The development of Wireless Sensor Networks was motivated by military applications such as battlefield surveillance, such networks are used in many industrial and consumer applications, such as industrial process monitoring and control, machine health monitoring, and so on. Wireless Sensor Network node has three parts. They are sensors, radio, and micro controller. These three parts are combined with a limited power supply. Since radio transmissions are very expensive in terms of energy. The ratio of communication to computation energy cost can range from 100 to 3000 [1]. So data communication must be traded for on-the-node processing which in turn can convert the many sensor readings into a few useful data values. The data-driven nature of WSN applications needs a specific data processing approach.

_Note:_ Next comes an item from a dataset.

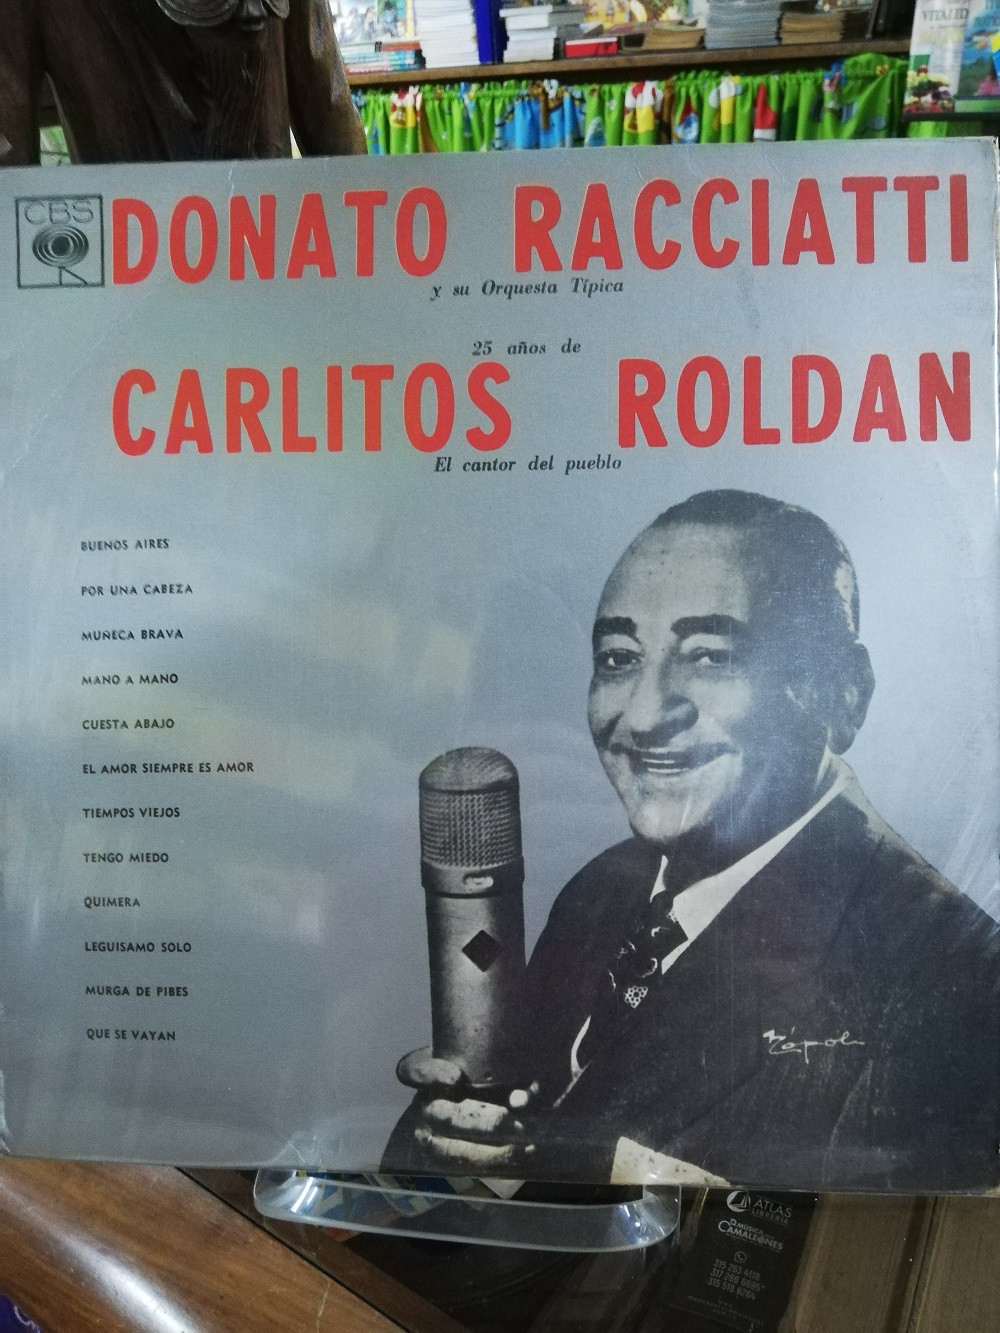 Imagen LP DONATO RACCIATTI Y SU ORQUESTA TIPICA - 25 AÑOS DE CARLITOS ROLDAN EL CANTOR DEL PUEBLO 1

The Wireless Sensor Network consist of different types of architectures. In this paper Binary

tree architecture [2] and Folded tree architecture [3] are designed and implemented. Highest energy consumption in radio communication. So in order to reduce the energy and power, Folded tree architecture is better. The existing architecture known as Binary tree architecture, is a tree data structure in which consist of nodes, but this architecture needes large number of Processing Elements (PEs). Thus the Folded tree architecture is used, help in reducing the number of processing elements by reusing the Processing Elements (PEs). The Folded tree architecture is a low power Digital Signal Processor (DSP)architecture, which reduce the area, power and delay than Binary tree architecture. Hence using Folded tree architecture with Sum of Absolute Difference (SAD) algorithm [4] for implementing motion estimation.

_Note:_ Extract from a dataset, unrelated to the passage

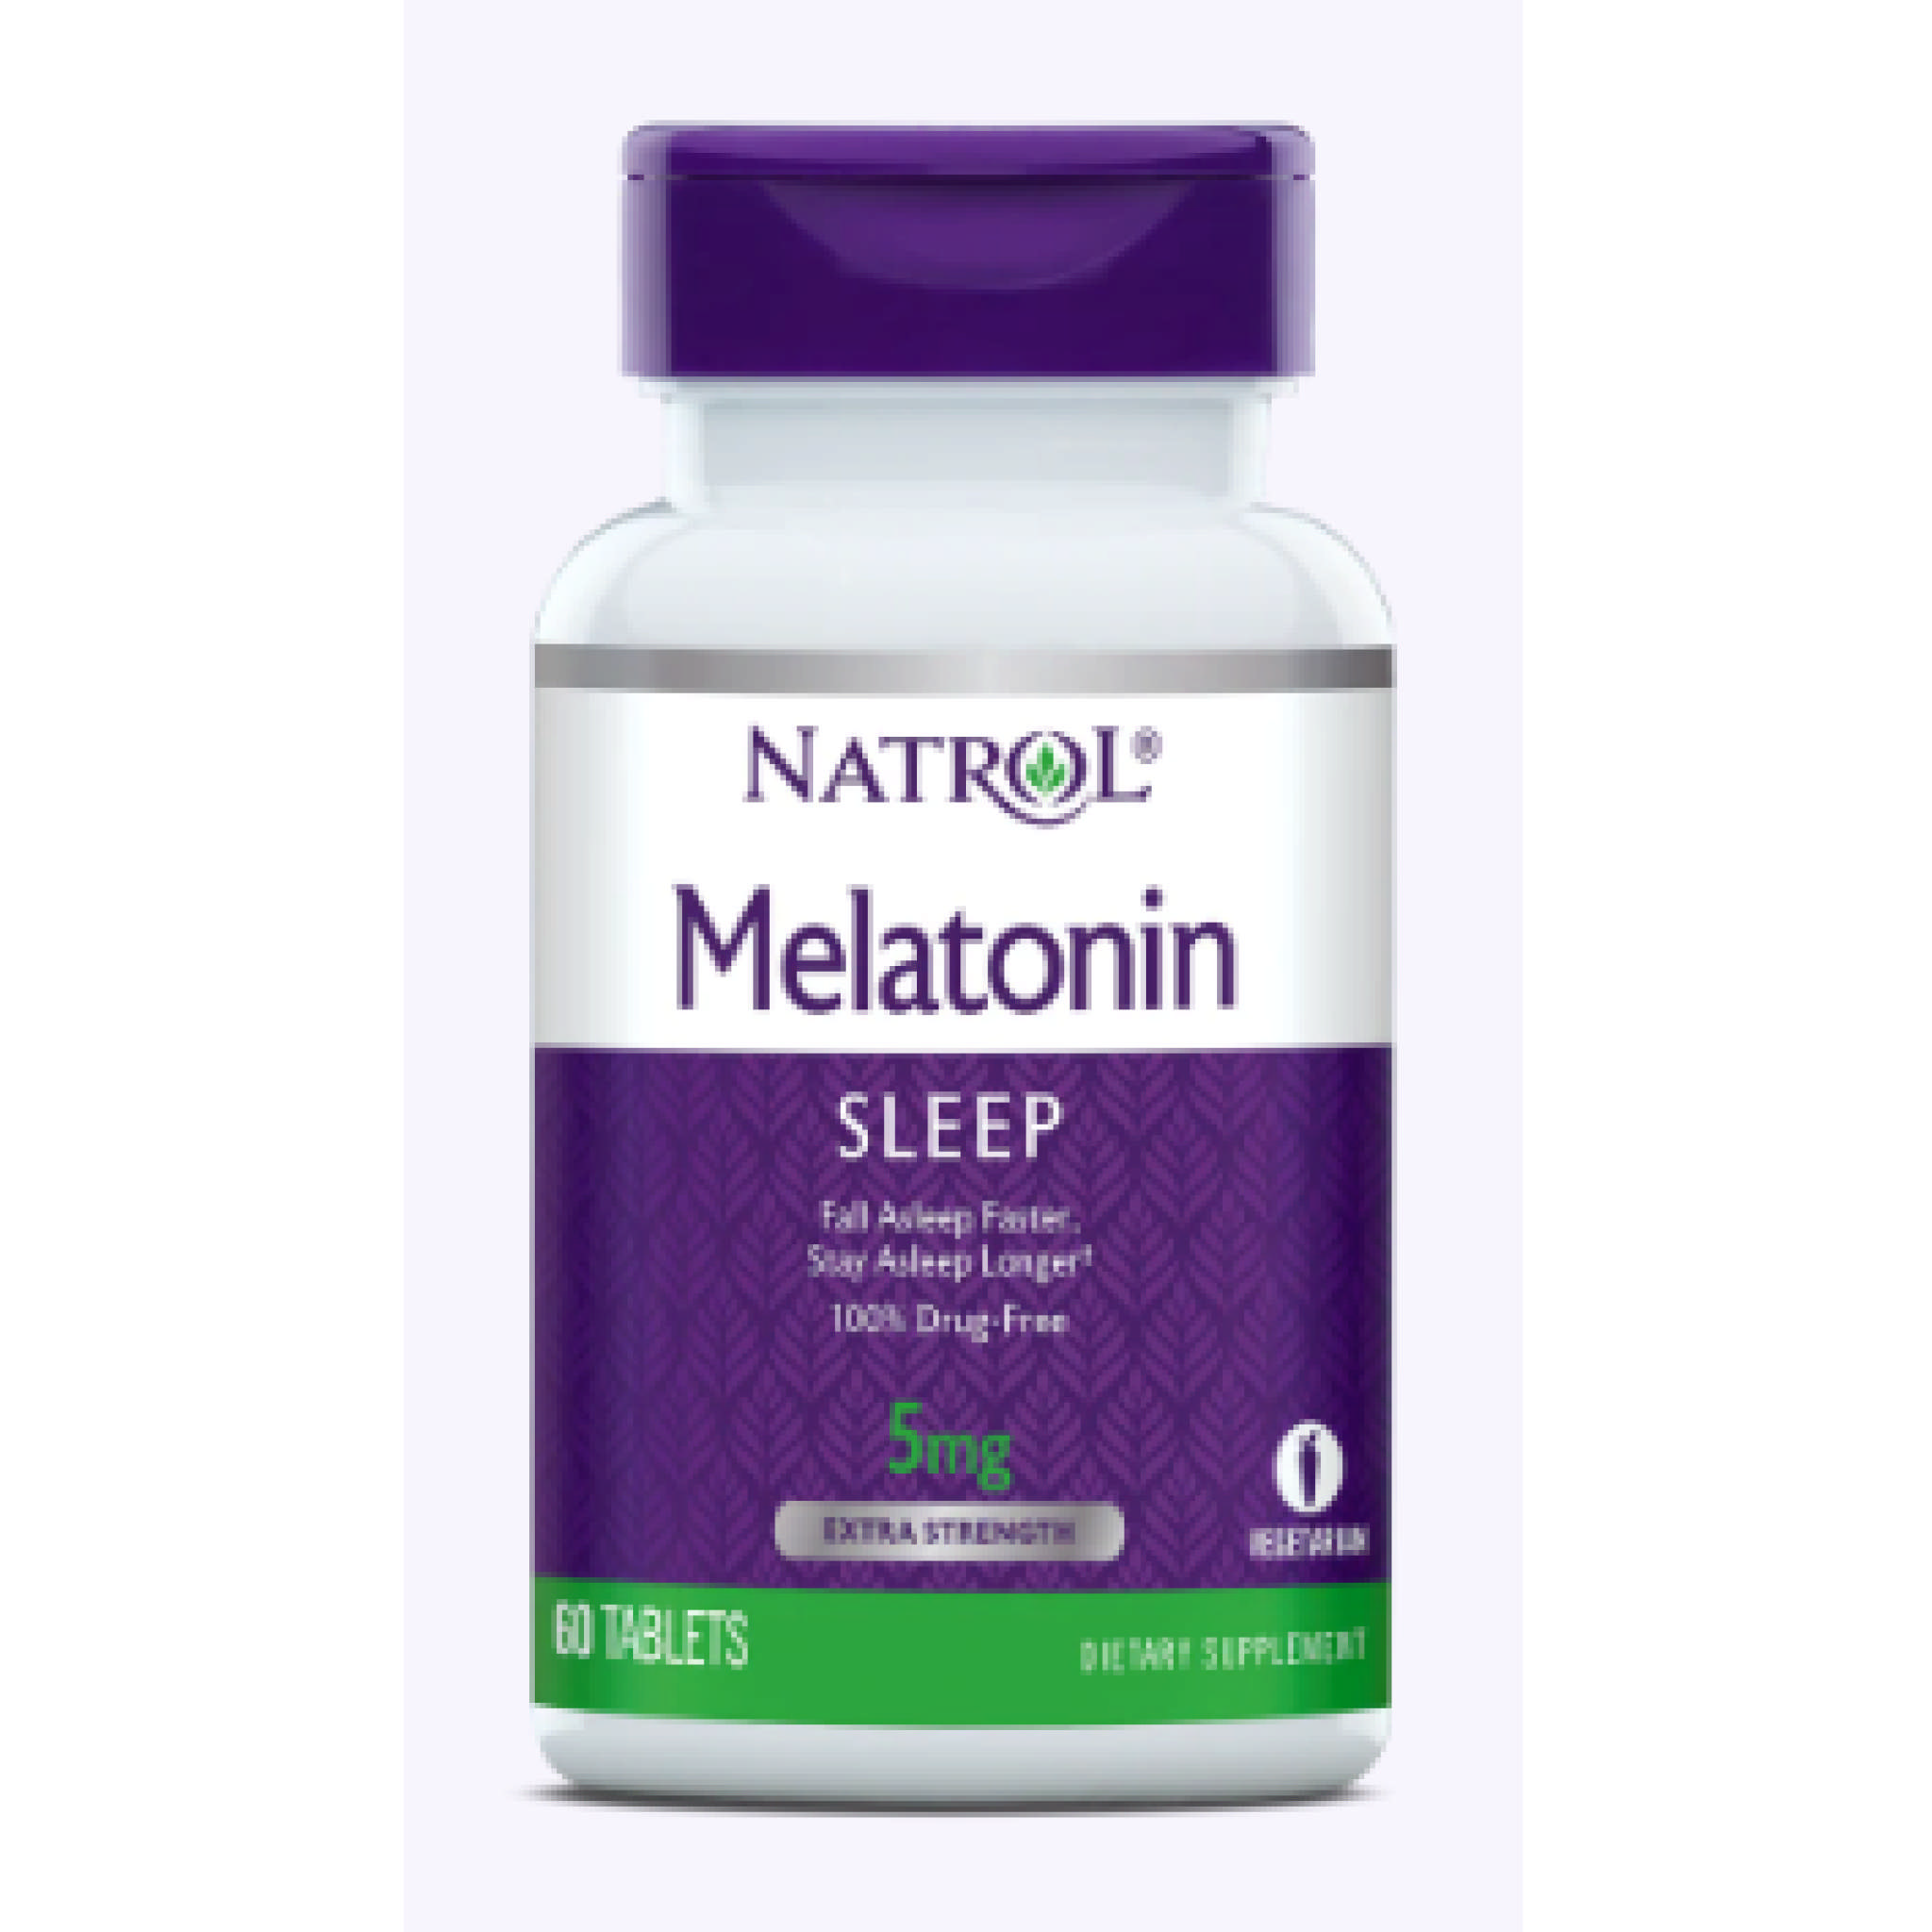 Natrol - Melatonin 5 mg

Sum of Absolute Difference algorithm is a tree structure, which consist of sum elements and difference elements. The structural similarity of SAD with this two architecture , which can implemented using Binary tree and Folded tree, hence estimating the motion vector. Motion estimation is the most critical component of video coding system, determines motion vectors that describe the transformation from one 2D image to another. The Sum of Absolute Difference (SAD) algorithm is an extremely fast metric due to its simplicity. Different motion estimation algorithms are existing, but which is in the field of Image processing. In field of Very Large Scale Integration (VLSI), Sum of Absolute Difference algorithm is prefered, because it consist of addition and subtraction unit. In this work motion estimation done with existing architecture known as Binary tree and proposed architecture known as Folded tree architecture, which reduce area, power and delay in a netwok.

#### II. RELATED REQUIREMENT FOR PROCESSING

Two key requirements are used to improve existing processing and control architectures can be identified.

### A. Minimize Memory Acess

Modern micro controllers are working on the principle of divide and conquer strategy of ultra fast processors [5]. The lack of task specific operations leads to insufficient execution, that results in longer algorithms and significant memory book keeping.

#### **B.** Combine Data and Control Flow Principles

Two approaches are exist to manage the data stream and instruction stream in core functional unit. Under control flow, the data stream is a consequence of instruction stream and the instruction stream is the consequence of data stream.A traditional processor architecture is a control flow machine, that execute programs sequentially as a stream of instructions. The data flow program identifies the data dependencies.

#### **III. EXISTING METHOD**

The existing method for implementing motion estimation with SAD algorithm is binary tree. The disadvantages of this method is at a time only one node act as root nodes, other node act as leaves. So at a time only one data is send. Hence the power as well as energy is increased. Time requirement is high and required interconnection is high. The proposed approach gives the limited power and energy for motion estimation with SAD. The Folded tree



Fig. 1. A binary tree

architecture is proposed to send the data in the way of wireless communication technique.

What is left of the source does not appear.